[Task objective]: Go through the data and copy every line exactly, but not the images.

[Given material]:
§
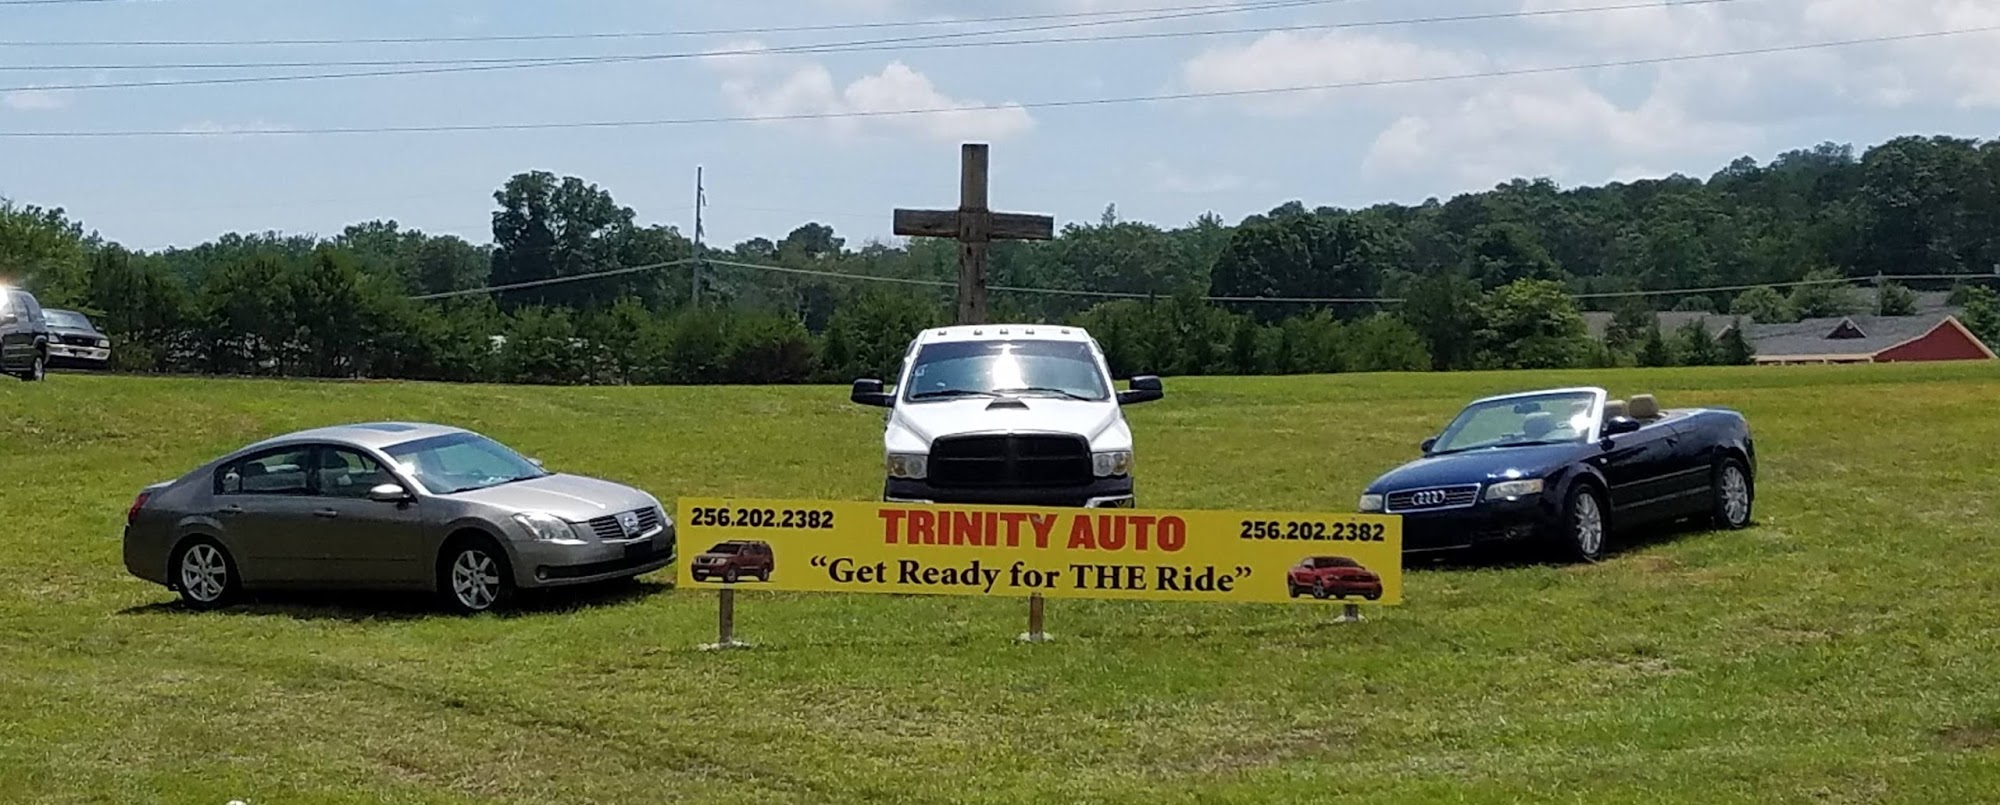 Trinity Auto
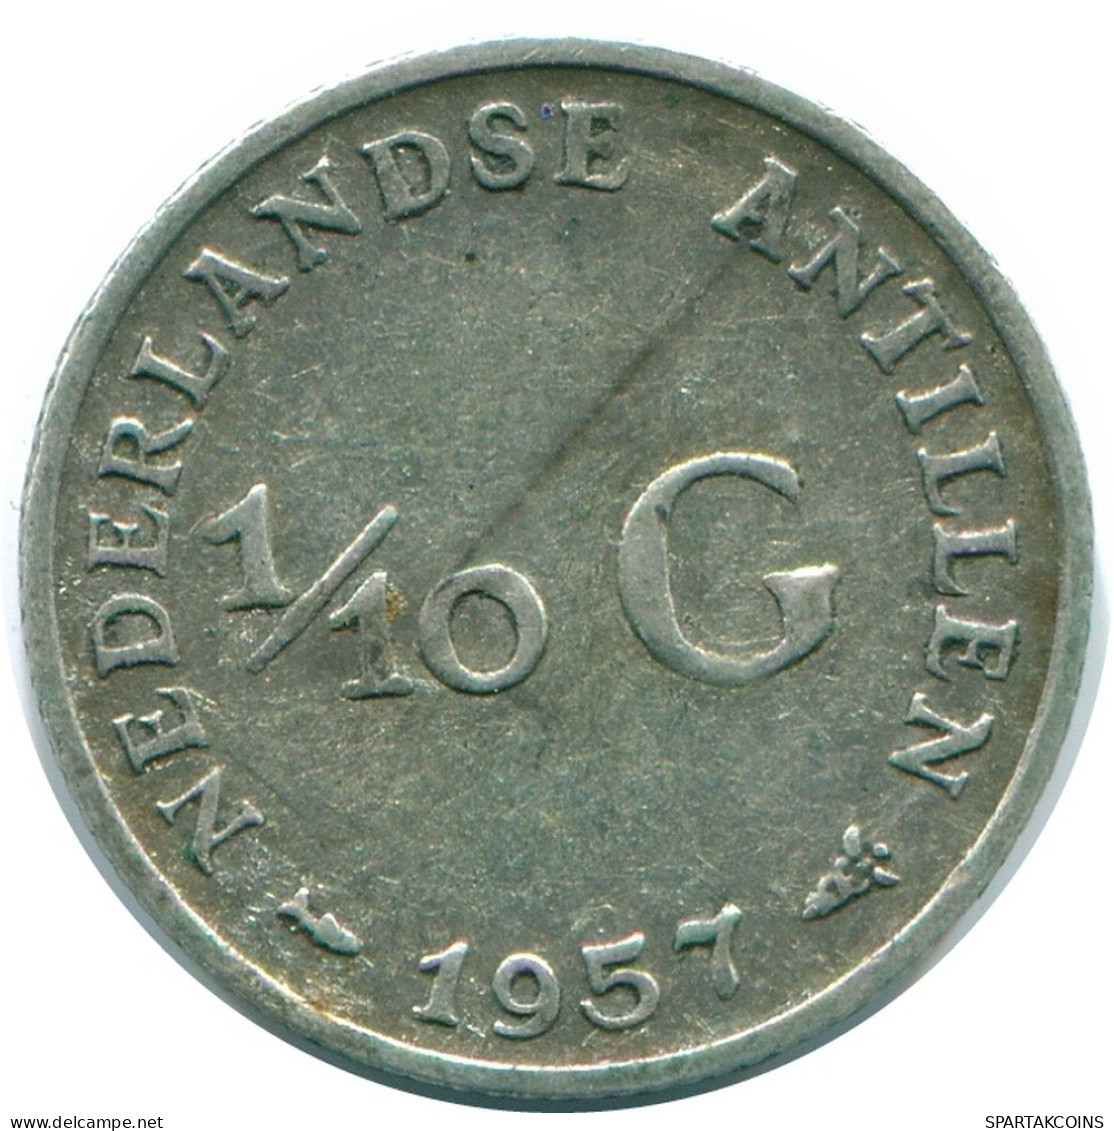 1/10 GULDEN 1957 NIEDERLÄNDISCHE ANTILLEN SILBER Koloniale Münze #NL12180.3.D.A - Niederländische Antillen
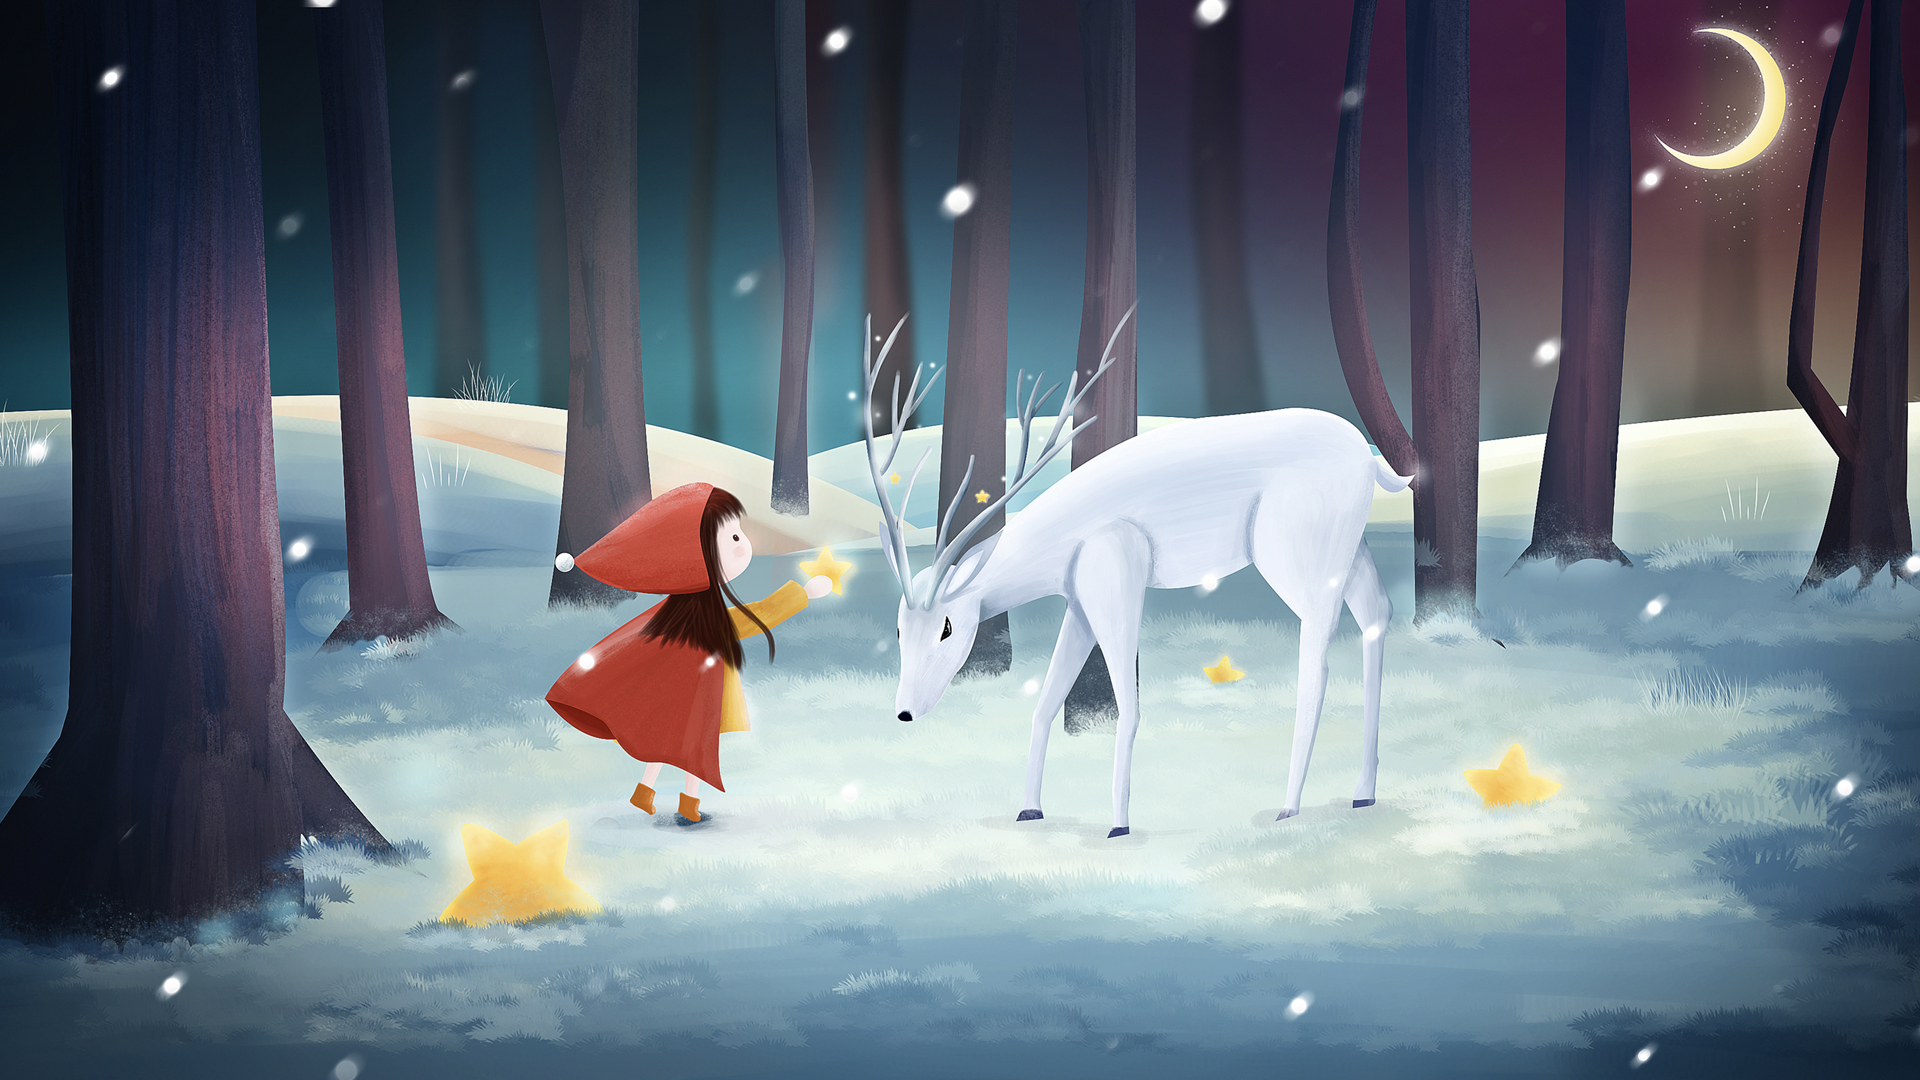 平安夜 圣诞节 森林 雪地里给鹿送礼物的小女孩壁纸
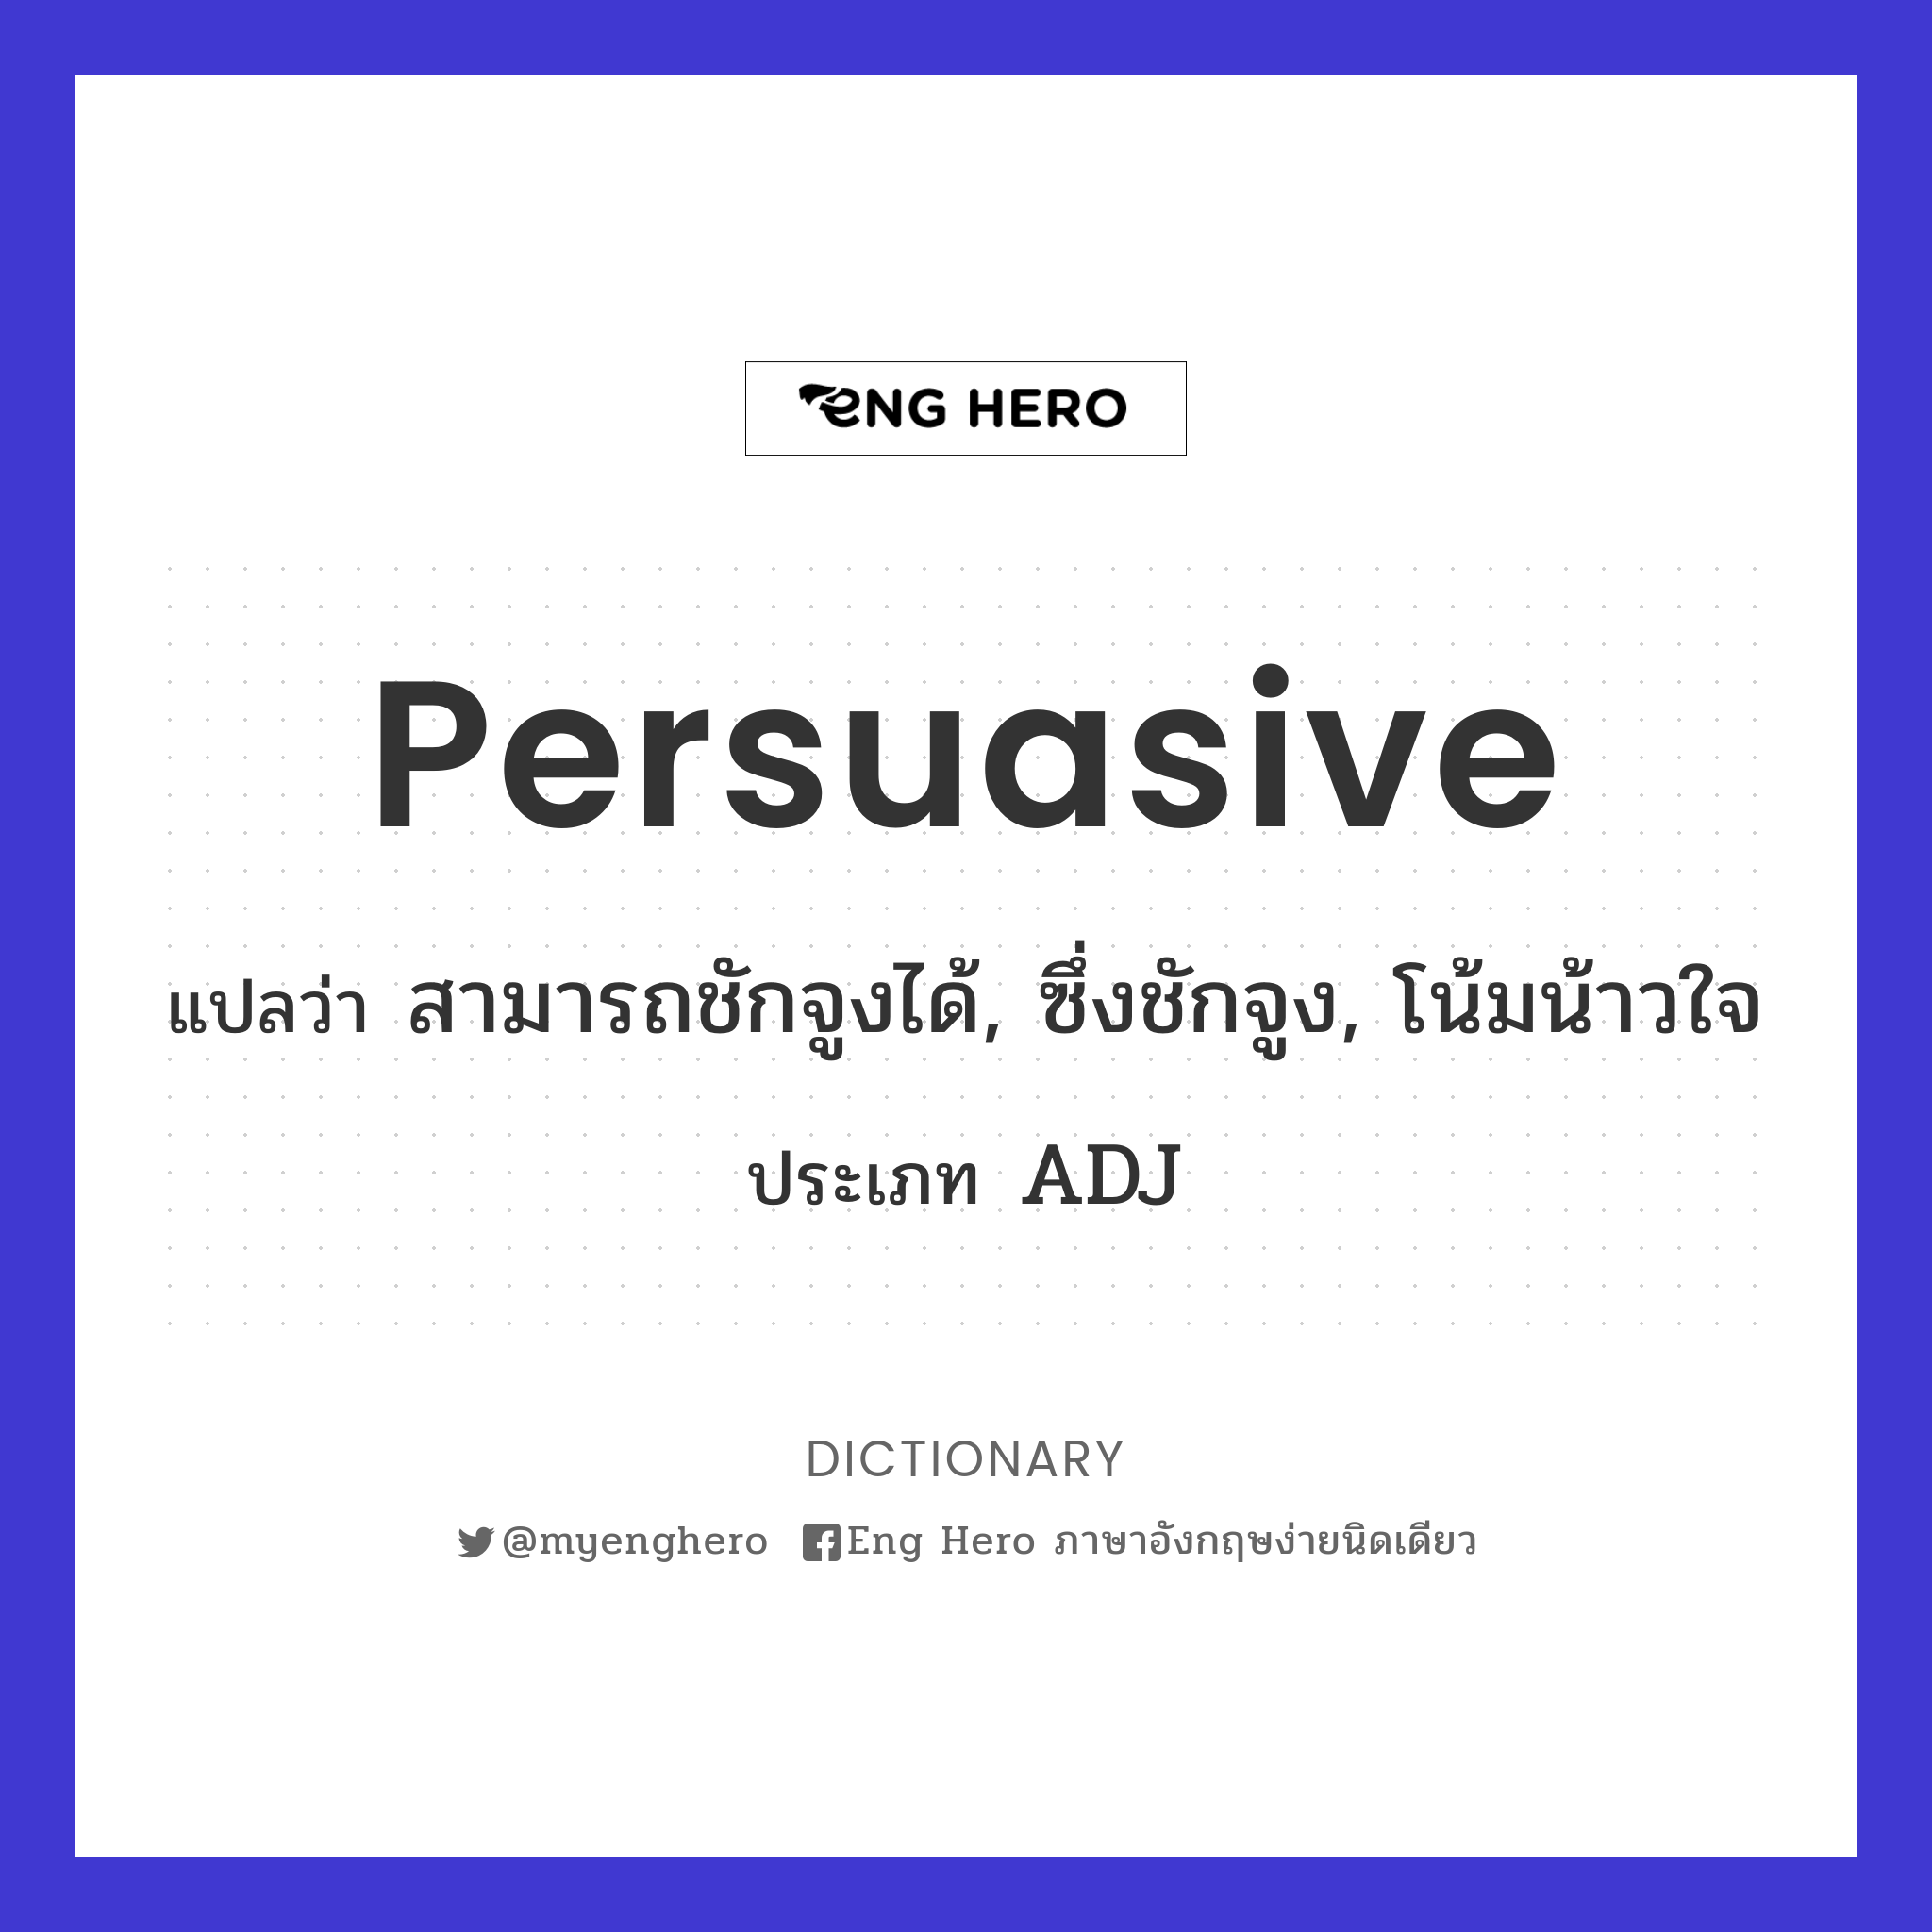 persuasive
§
[Problem solution]:
 Trinity Auto
 1/10 GULDEN 1957 NIEDERLÄNDISCHE ANTILLEN SILBER Koloniale Münze #NL12180.3.D.A - Niederländische Antillen
 平安夜 圣诞节 森林 雪地里给鹿送礼物的小女孩壁纸
 persuasive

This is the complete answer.